MGM Studios, Inc. v. Grokster, Ltd. 545 U.S. 913 (2005) is a United States Supreme Court decision in which the Court unanimously held that defendant P2P file sharing companies Grokster and Streamcast (maker of Morpheus) could be sued for inducing copyright infringement for acts taken in the course of marketing file sharing software. The plaintiffs were a consortium of 28 of the largest entertainment companies (led by Metro-Goldwyn-Mayer studios).
The case is frequently characterized as a re-examination of the issues in Sony Corp. v. Universal City Studios, 464 U.S. 417 (1984), a case that protected VCR manufacturers from liability for contributory infringement. MGM wants makers of file sharing technology held liable for their users' copyright infringements. In Sony, the court held that technology could not be barred if it was "capable of substantial noninfringing uses."
Grokster came before the Supreme Court having already won in two previous courts. The United States District Court for the Central District of California originally dismissed the case in 2003, citing the Betamax decision. Then a higher court, the Ninth Circuit Court of Appeals, upheld the lower court's decision after acknowledging that P2P software has legitimate and legal uses. Sharman Networks' Kazaa file sharing program was originally amongst the defendants, but was dropped because the company is based in Vanuatu.
Computer and Internet technology companies such as Intel, and trade associations including firms such as Yahoo! and Microsoft, filed amicus curiae briefs in support of the file sharing companies, while the RIAA and MPAA both sided with MGM. A list of briefs filed in the case is available at copyright.gov and eff.org. Billionaire Mark Cuban partially financed Grokster's fight before the Supreme Court.[1]

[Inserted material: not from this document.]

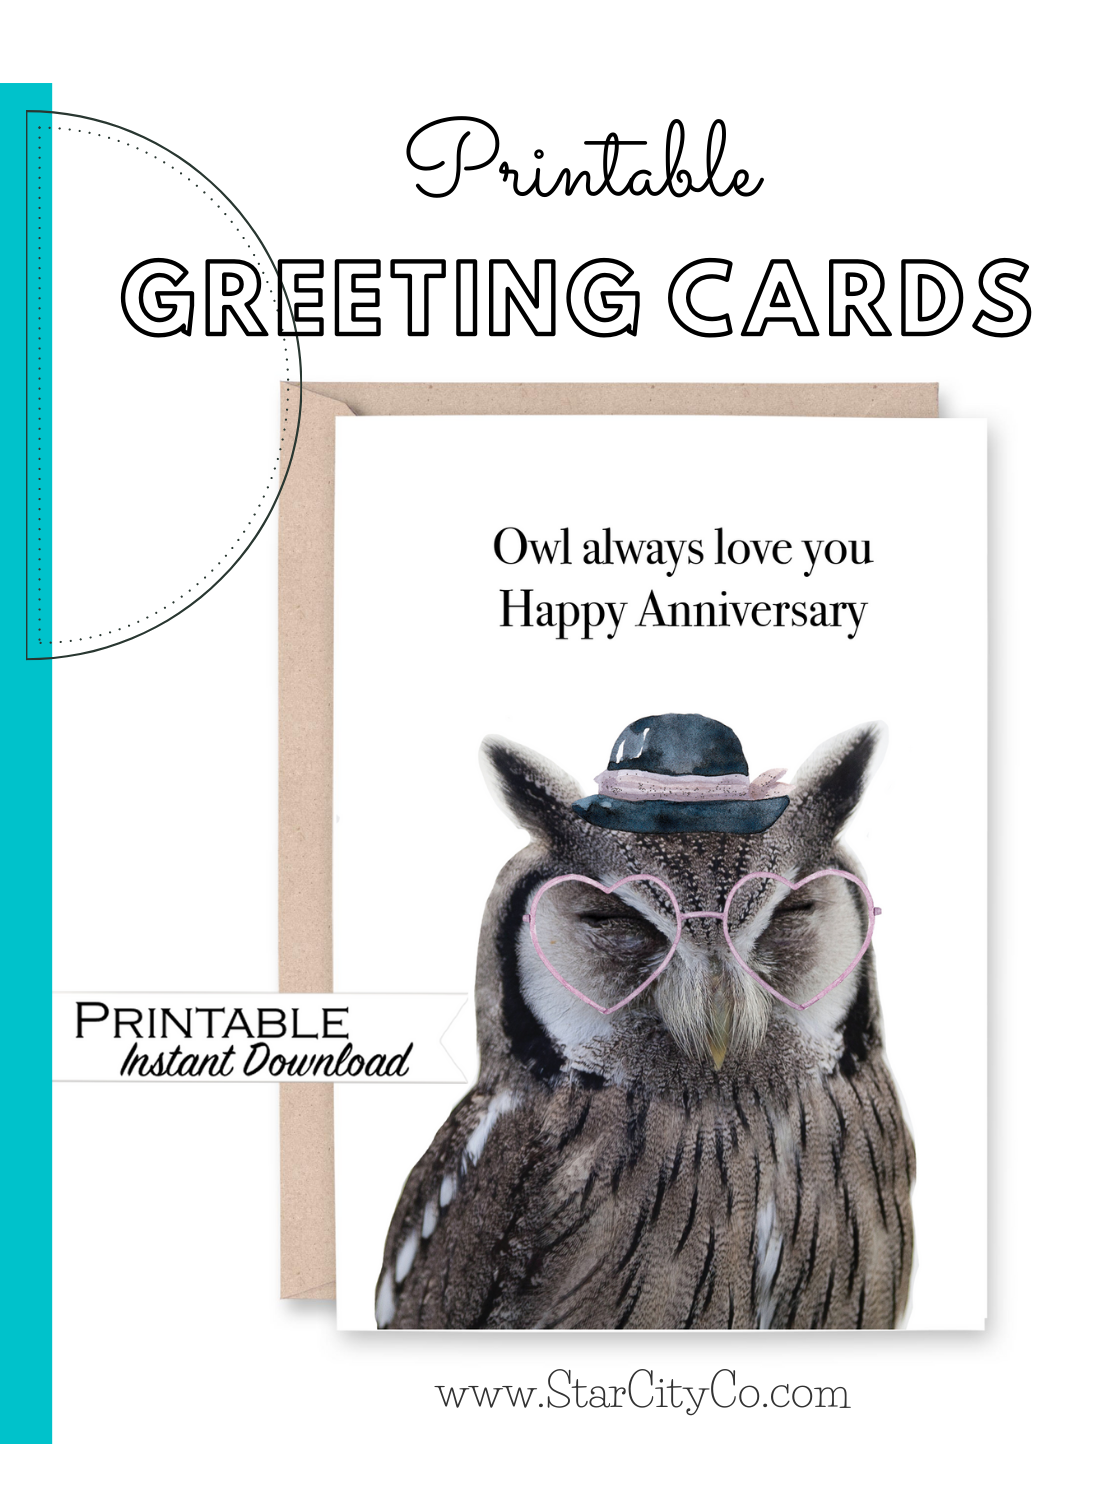 Owl Always Love You Anniversary Card Printable - Digital Download

During oral argument, the Supreme Court justices appeared divided between the need to protect new technologies and the need to provide remedies against copyright infringement. Justice Antonin Scalia expressed concern that inventors would be chilled from entering the market by the threat of immediate lawsuits. Justice David Souter questioned how the interpretation of the law the plaintiffs argued for would affect devices like copy machines or the iPod.
The music industry suggested that iPods have a substantial and legitimate commercial use in contrast to Grokster, to which Souter replied, "I know perfectly well that I can buy a CD and put it on my iPod. But I also know if I can get music without buying it, I'm going to do so."[2] On the other hand, the justices seemed troubled at the prospect of ruling that Grokster's alleged business model of actively inducing infringement and then reaping the commercial benefits was shielded from liability. Grokster argued that affirming the Ninth Circuit would only prevent an injunction against future use of the P2P software, while the plaintiffs would still be free to pursue damages in the district court for alleged past wrongful acts. Much of the Court, however, expressed skepticism that Grokster's continuing enterprise could be severable from the consequences of those prior acts.